* [Listed entries]
--------

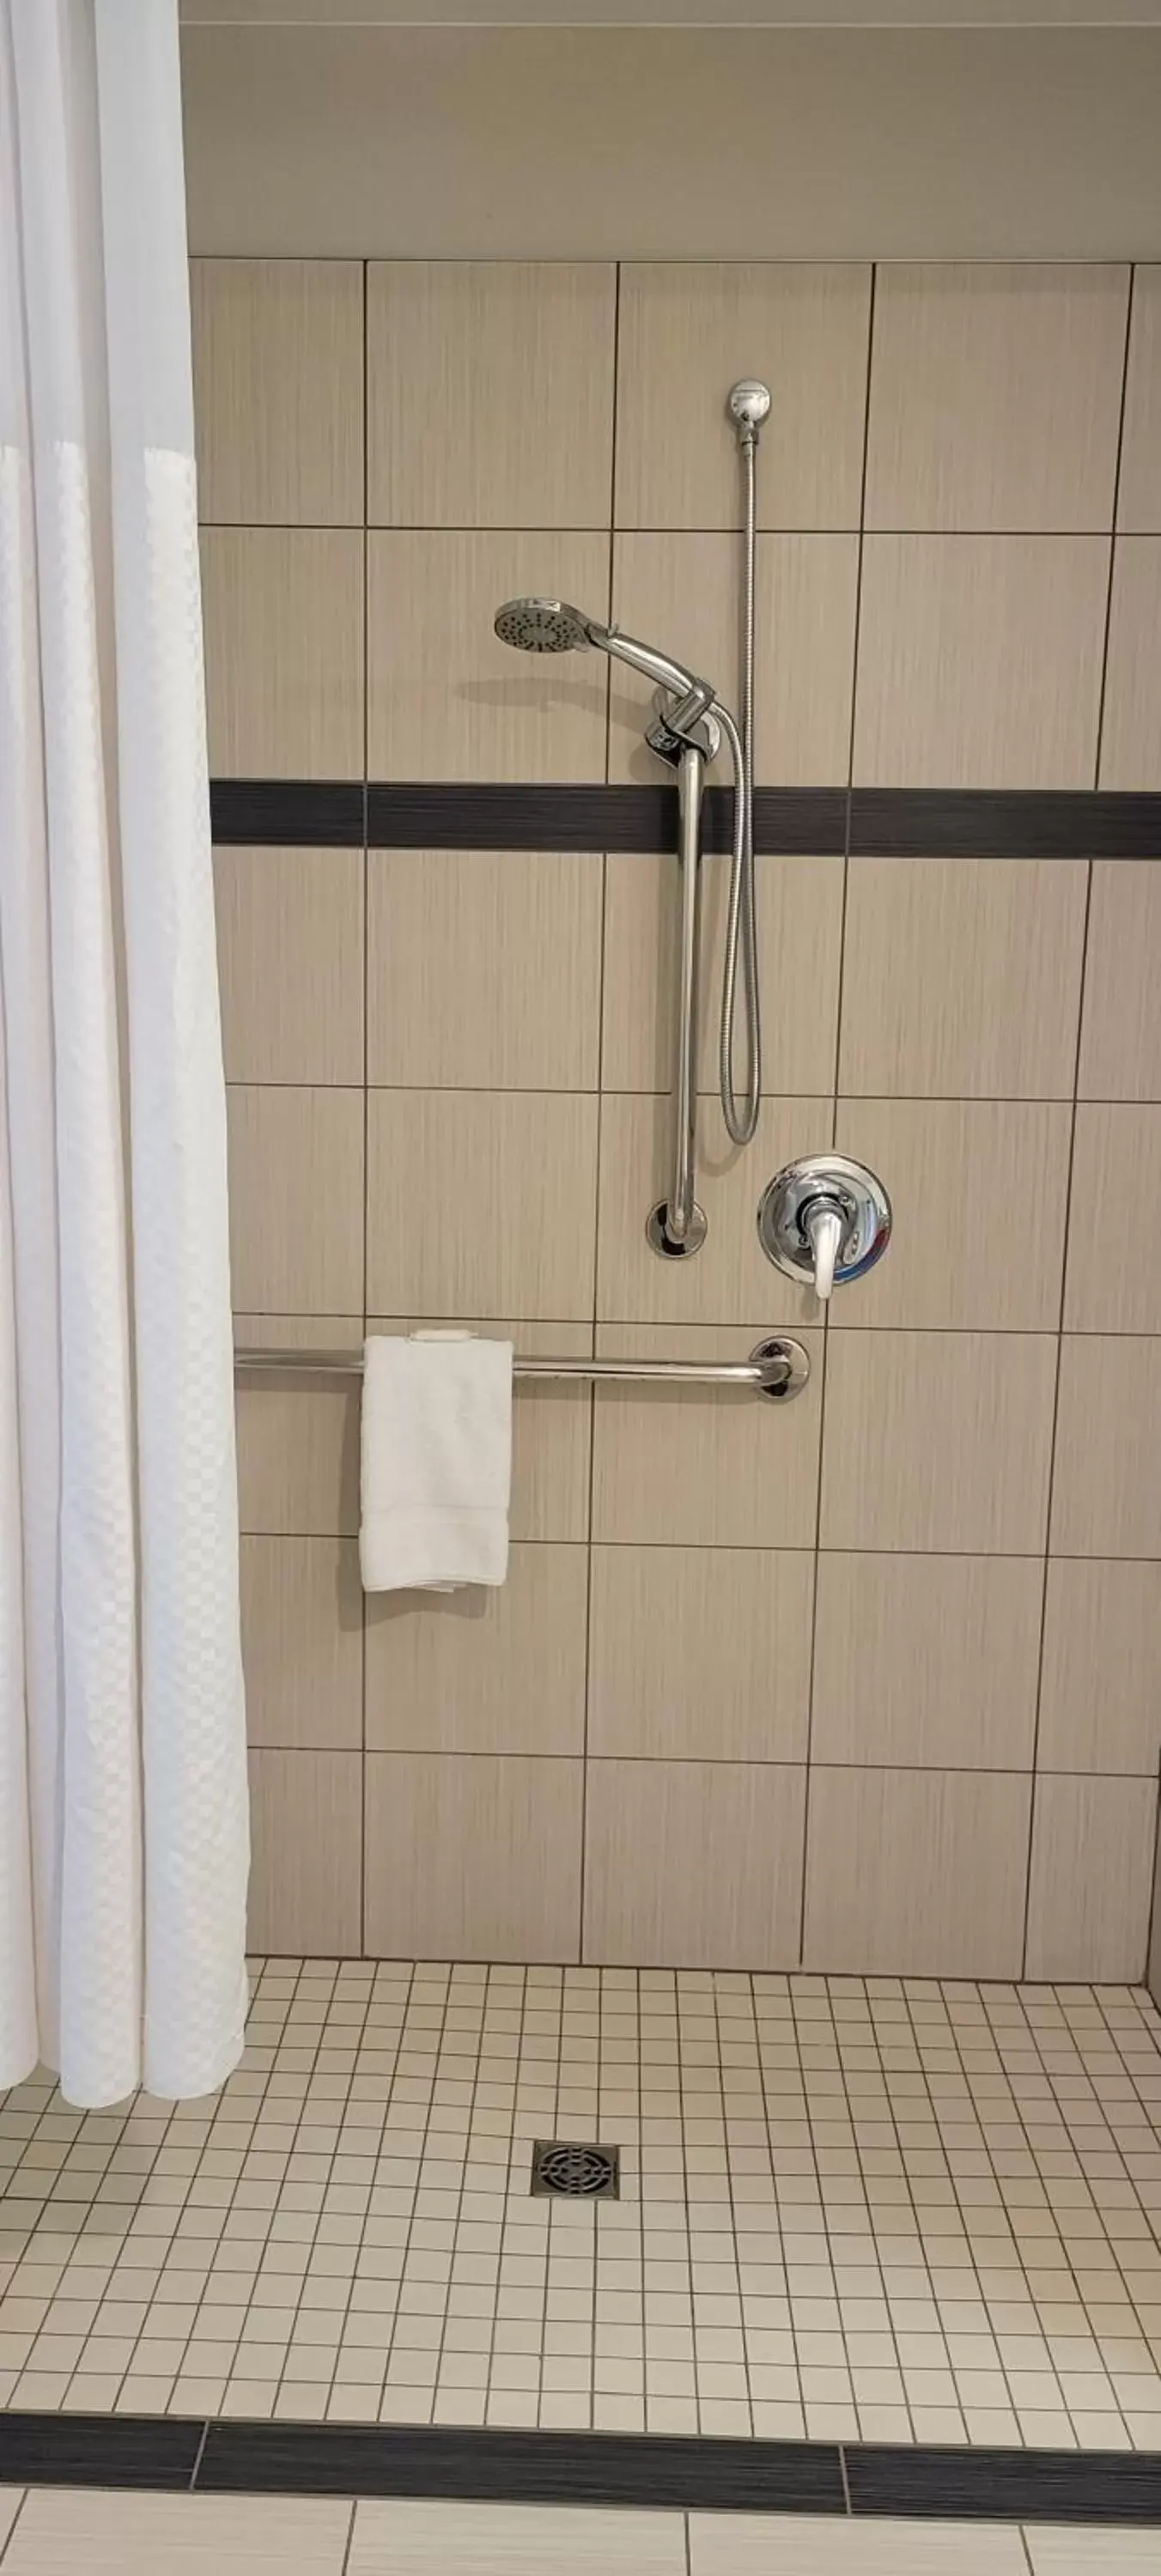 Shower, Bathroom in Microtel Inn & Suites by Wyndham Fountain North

--------

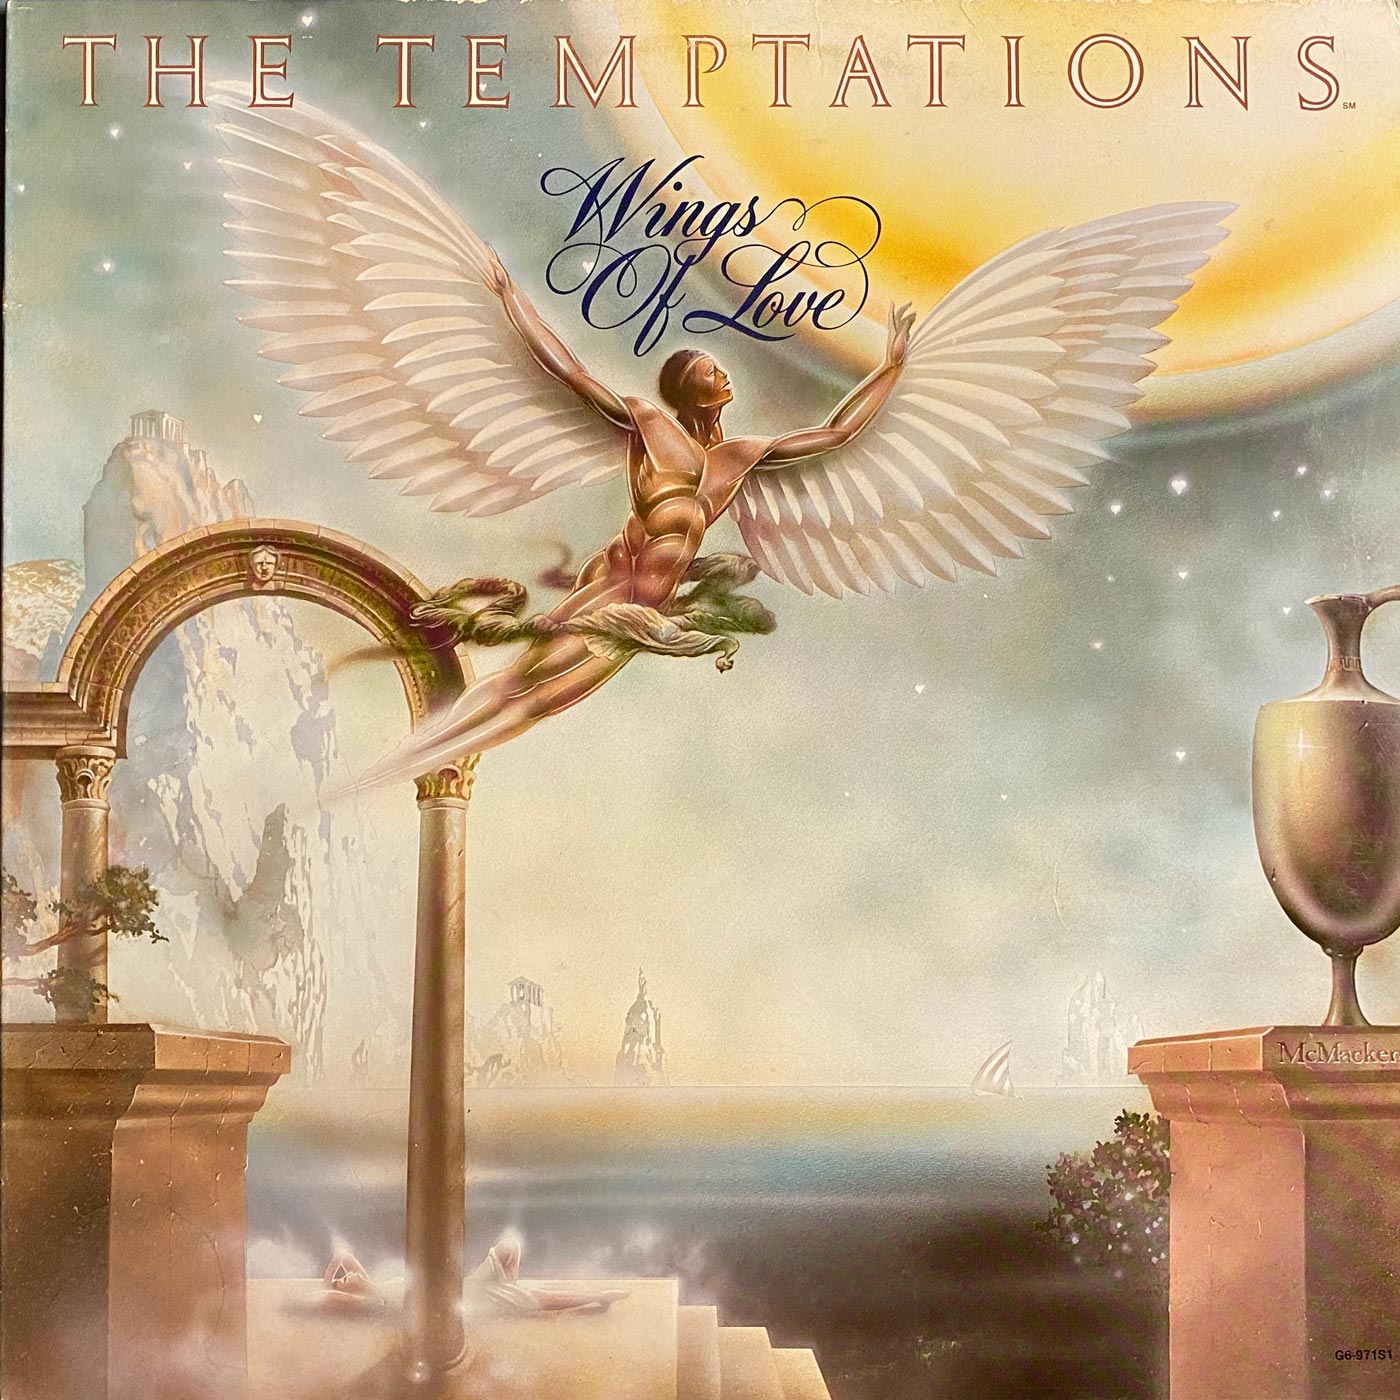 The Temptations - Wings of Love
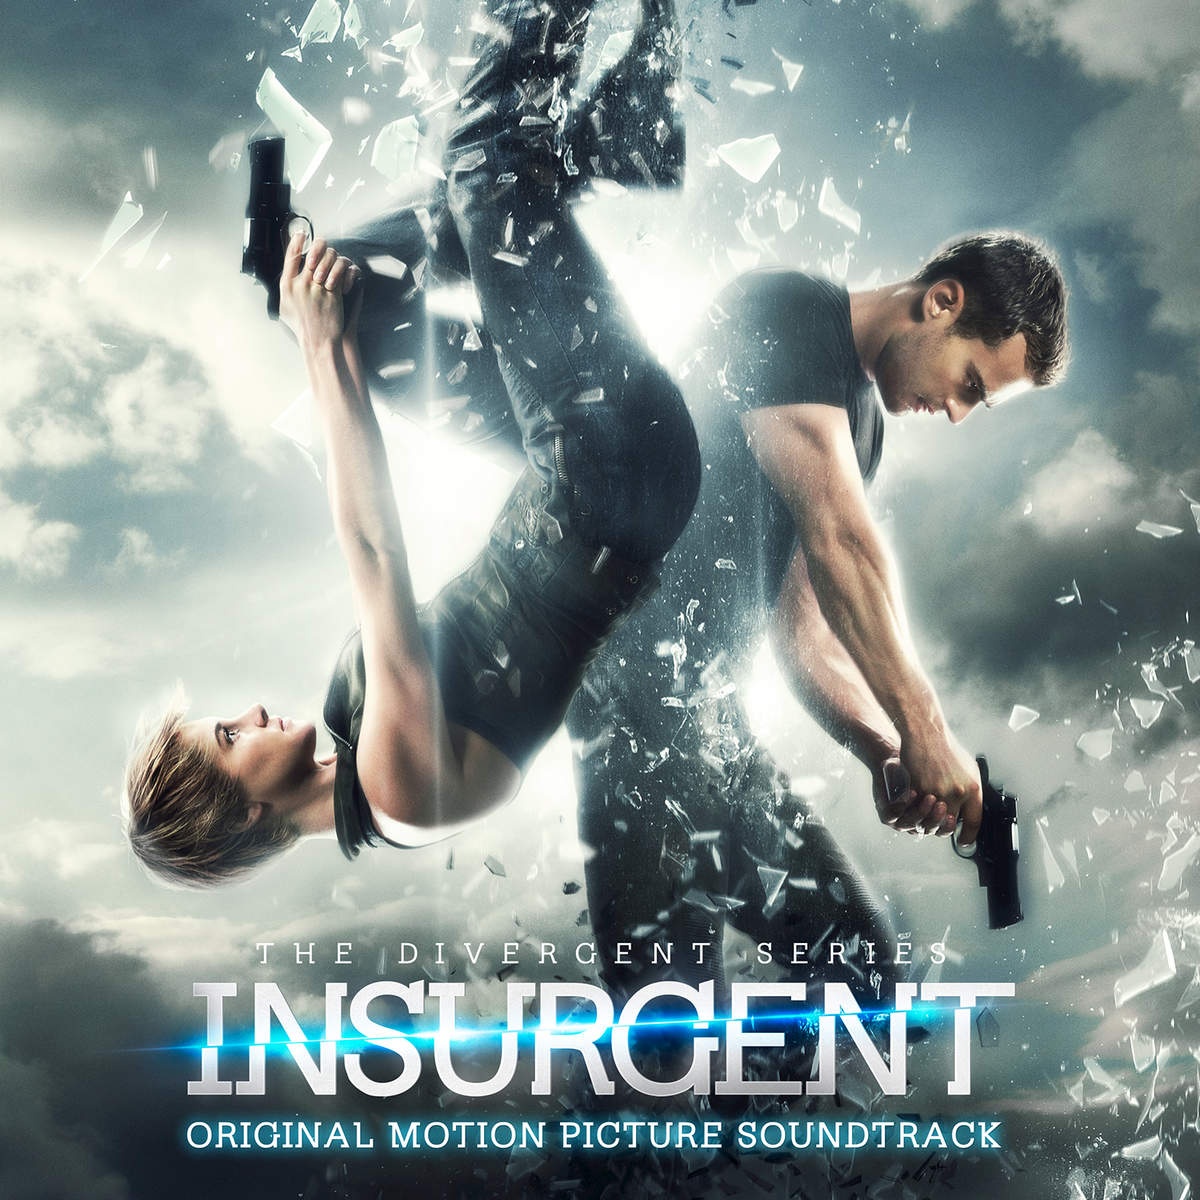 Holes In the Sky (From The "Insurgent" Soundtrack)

--------

* [Assignment] Above are some entries; copy exactly the lines from the line with "The Temptations - Wings of Love" through the line with "Holes In the", both included, but none of the pictures.

* [Exercise output]
 The Temptations - Wings of Love
 Holes In the Sky (From The "Insurgent" Soundtrack)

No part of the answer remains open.